Так же ослепительно, как и храм, сверкала колоссальная фигура богини, нагие части ее были сделаны из слоновой кости, остальное из золота. Задумчиво глядела перед собой серьезная, прекрасная голова, покрытая золотым шлемом, из-под которого падали густые локоны. С левой стороны богини лежал щит, мирно опущенный, а не поднятый воинственно как прежде; копье небрежно покоилось в ее руке. Теперь она казалась не воительницей, а победительницей. На протянутой руке она держала крылатую богиню Победы, как держат голубку или сокола. Богиня Победы подавала Палладе золотой венок; скрытая под щитом лежала священная змея, олицетворявшая земную, покровительствуемую богами, силу аттической страны и народа. На груди богини была надета эгида со сверкающей головой Горгоны; в углублении, под высоко выступавшей верхней часть шлема, помещался сидящий сфинкс. По правую и левую его руку — старцы, как олицетворение глубокомыслия, проницательности и осторожности.

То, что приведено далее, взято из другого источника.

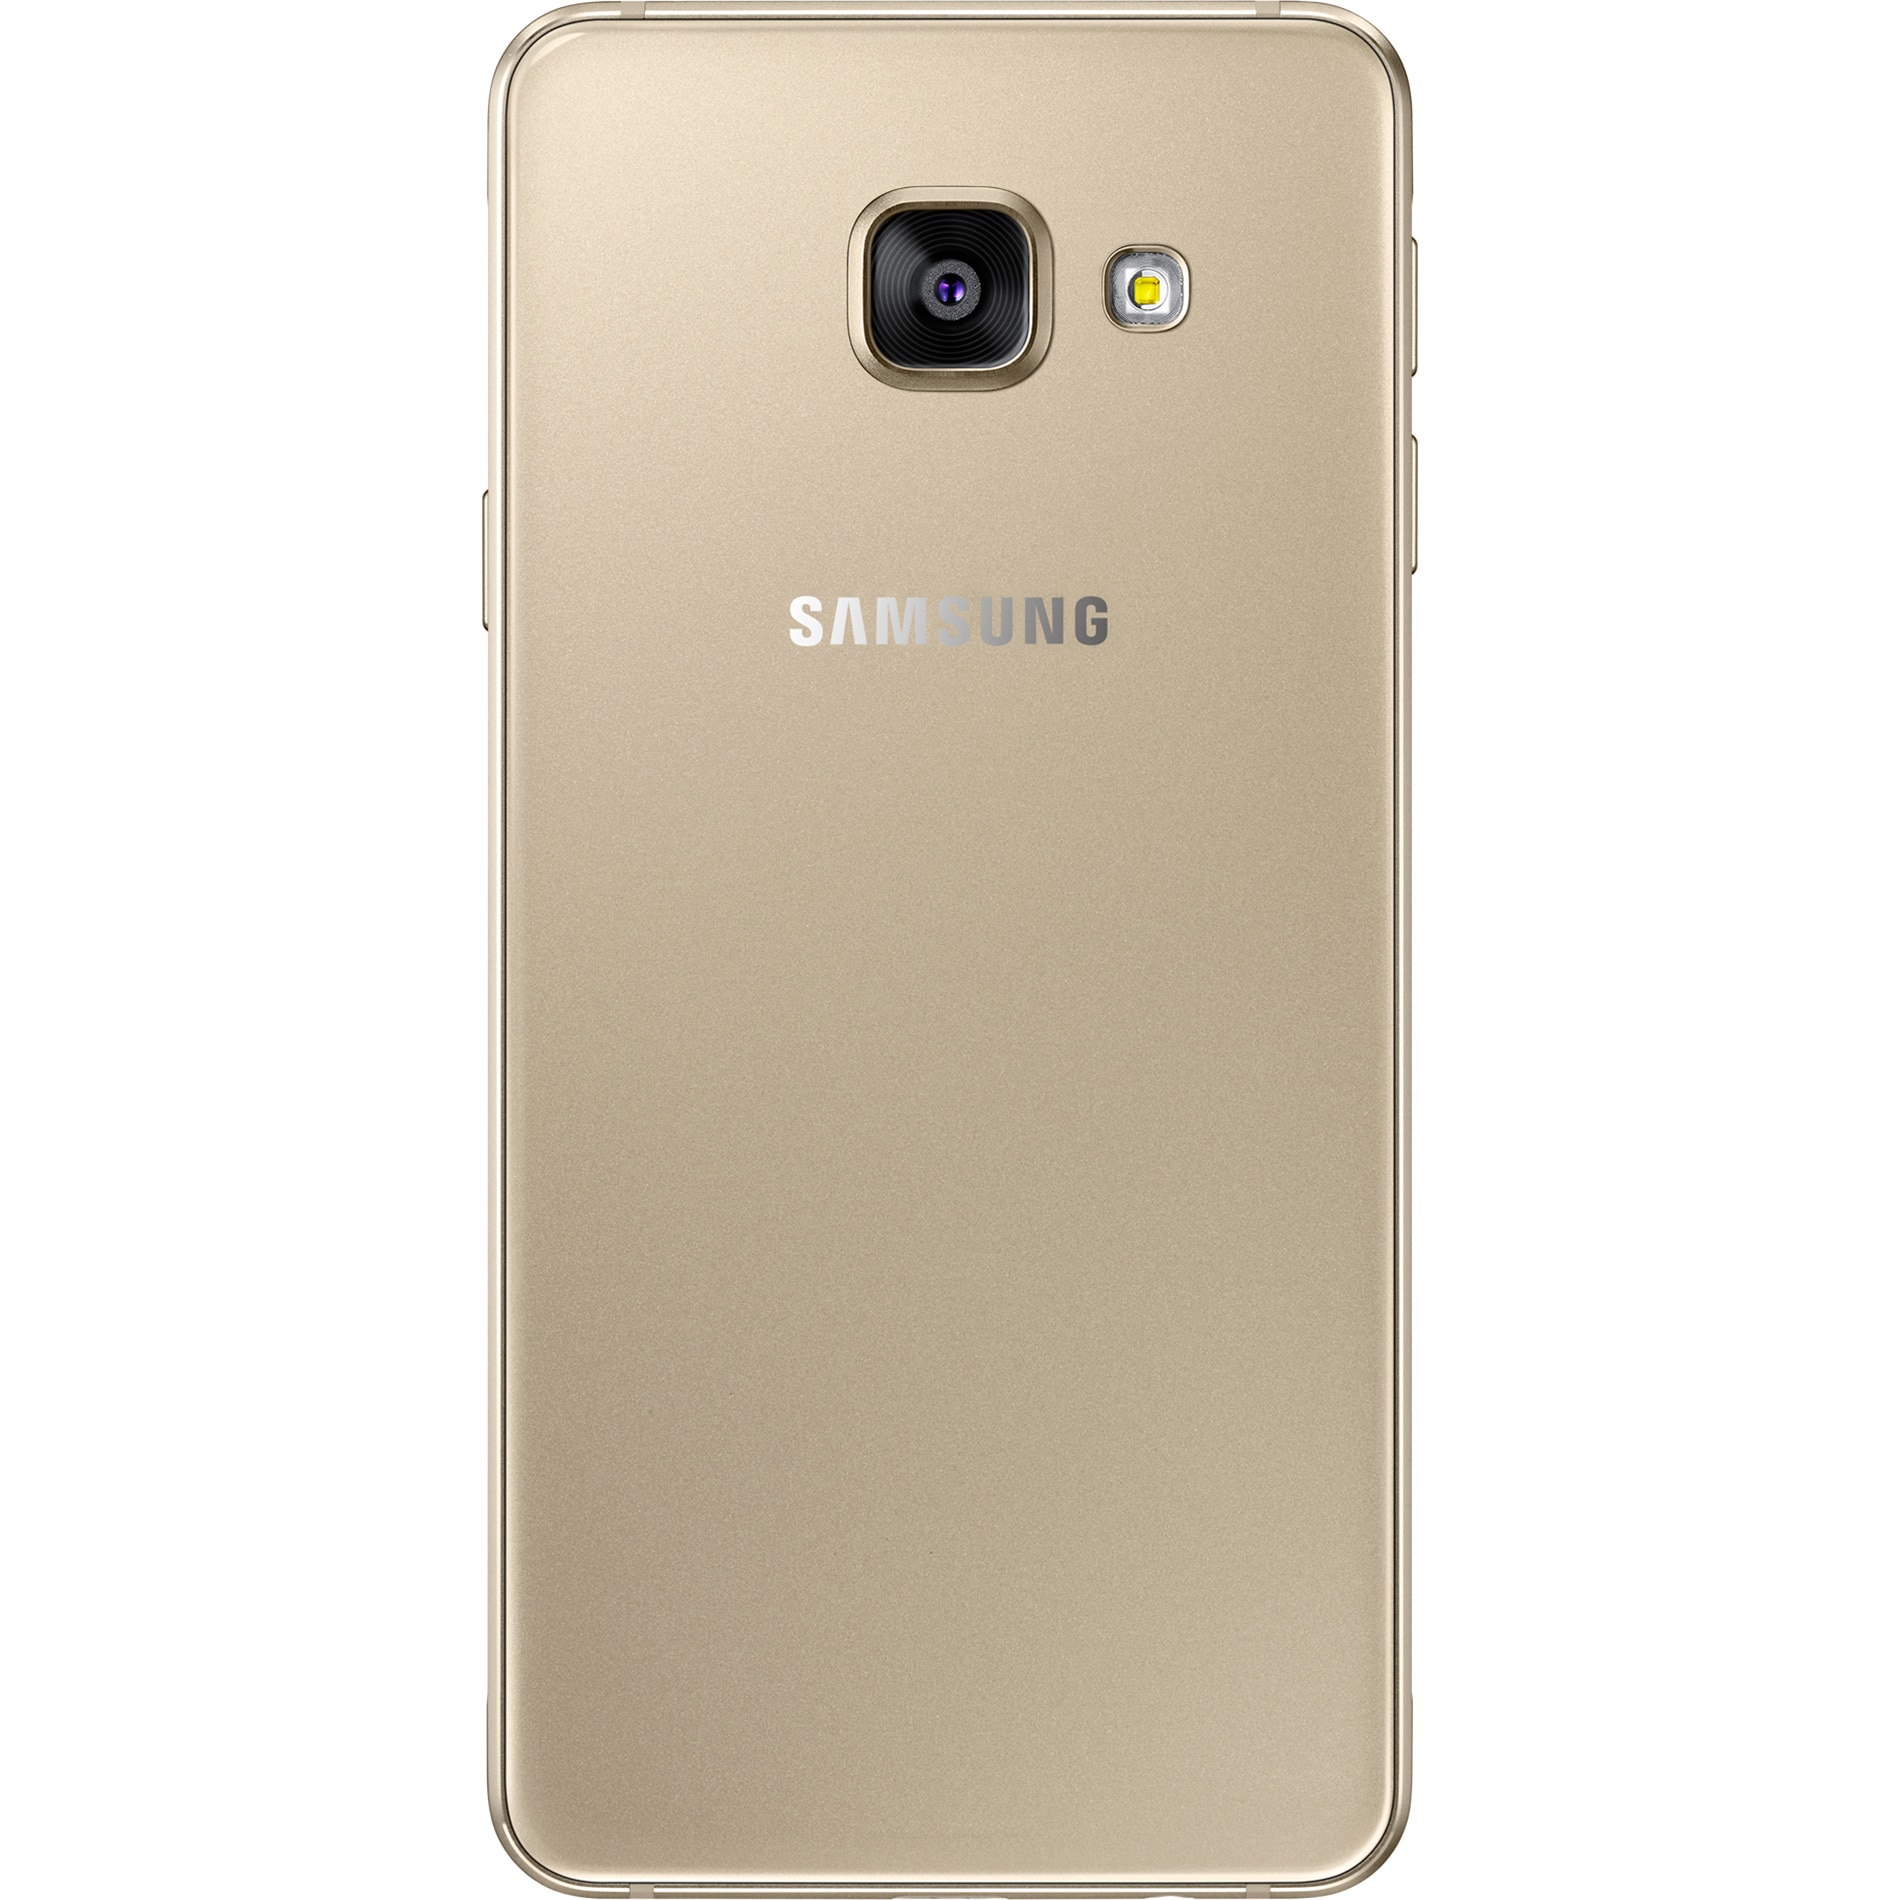 Galaxy gold 3. Samsung Galaxy a3 2016. Смартфон Samsung Galaxy a5 2016. Samsung Galaxy a5 (2016) SM-a510f. Samsung Galaxy a7 2016 Gold.

На наружной стороне щита была представлена борьба с дикими амазонками, на внутренней — титаны, на краю сандалий — дикие кентавры повсюду борьба с дикими, мрачными силами.
Торжественно возвышалось блестящее изображение богини в ее роскошном храме, по сторонам которого шли два ряда колонн, увитых по случаю празднества цветами, и разделявших храм на три части. Свет падал сверху таким образом, что сосредотачивался на фигуре богини, придавая ей особенное величие.
Во всем громадном храме не было никого, чьи взоры не стремились бы к богине: все было направлено к ней, как и ряд прекрасных, блестящих даров между колоннами. В нем не было того рассеивающего великолепия, с которым в другие времена другие народы старались украсить храмы своих богов: одиноко стояло в роскошном и блестящем таинственном храме величественное, прекрасное изображение богини.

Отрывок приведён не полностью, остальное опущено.